2023-07-28 –, 32-D463 (Star)
We have developed BiosimMD.jl, a package for performing molecular dynamics (MD) simulations significantly faster than state-of-the-art engines. We present performance benchmarks of the package and its versatility. The package allows scientists to implement novel methods for MD without compromising the speed of simulation. We also discuss aspects of Julia critical in BiosimMD’s development, including access to many levels of computational abstraction, metaprogramming, and ease of multi-threading.
Molecular dynamics (MD) is a computational method for simulating microscopic motions of atoms in a system, in order to understand macroscopic properties of the system. One of the main uses of MD is in computational drug discovery, where simulating a target protein with a candidate drug (ligand) allows one to predict their binding affinity before conducting expensive wet-lab experiments. MD computations are by no means cheap: to get meaningful results multi-day simulations on high-performance machines are often necessary. For that reason, most popular MD engines are written and performance engineered in C++ in order to make best use of the hardware.

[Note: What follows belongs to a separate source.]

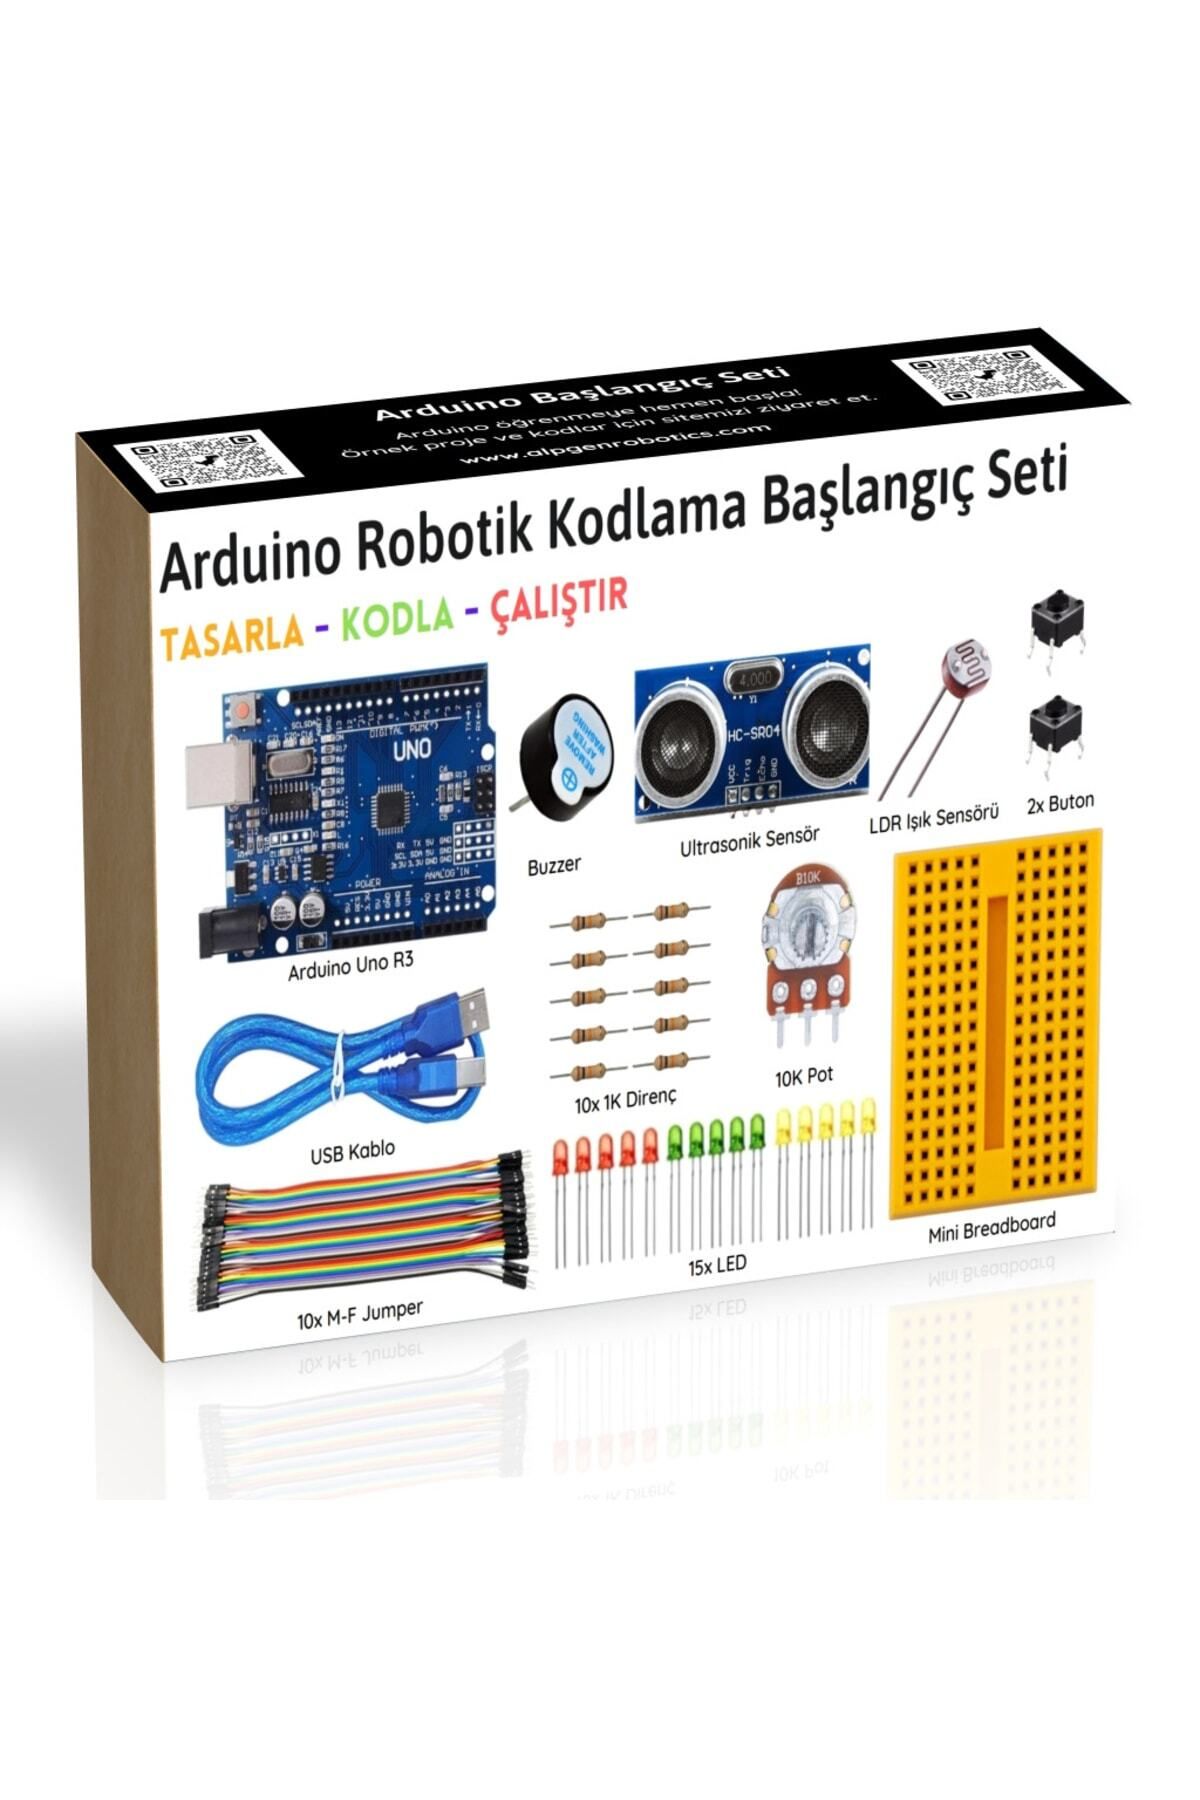 Arduino Uno R3 Robotik Kodlama Başlangıç Seti Proje Kitapçığı Alpgen Robotics

BiosimMD.jl is wholly written in Julia, which made it possible to match and surpass the performance of state-of-the-art C++ engines. The package makes extensive use of the ability to access low-level compiler and CPU features e.g. SIMD operations. At the same time, the ability to test new algorithms at a high level made it possible to quickly research and prototype the best performing code. The package also heavily relies on Julia’s metaprogramming, greatly reducing the size and the complexity of the codebase.
The design of BiosimMD.jl enables users to implement custom MD methods without compromising simulation speed and modifying BiosimMD’s internal code. One example is the use of machine learning during the simulation on-the-fly. A challenge in MD is the design of high-quality force-fields, the set of parameters that determines how the atoms move in a simulation. While there are good off-the-shelf force-fields for proteins, that is not the case for ligands (candidate drugs). We have implemented a package, MoleculeMD.jl, which integrates with BiosimMD.jl in a few lines of code, providing a machine-learnt force field trained on accurate and extensive quantum chemistry data. BiosimMD.jl provides an interface for implementing a wide array of similar techniques.
Currently, BiosimMD.jl is implemented and optimized for Intel and AMD CPUs. In future, a GPU implementation will also be available. There is also an accompanying package to import molecular systems from popular MD engines such as Gromacs and OpenMM.
Hayk Saribekyan leads the engineering at Biosim Inc. Biosim’s mission is to reduce the timescale of drug discovery processes many-fold through its platform that combines cutting-edge ideas from scientific computing, AI and quantum chemistry. Biosim uses Julia across its technology stack to achieve state-of-the-art performance on its molecular dynamics and virtual screening tools, as well as to develop custom methods for its computational drug discovery pipeline.
Hayk has received a PhD in Computer Science from the University of Cambridge, where he was a Gates Scholar. Prior to that he received a BSc and MEng from MIT.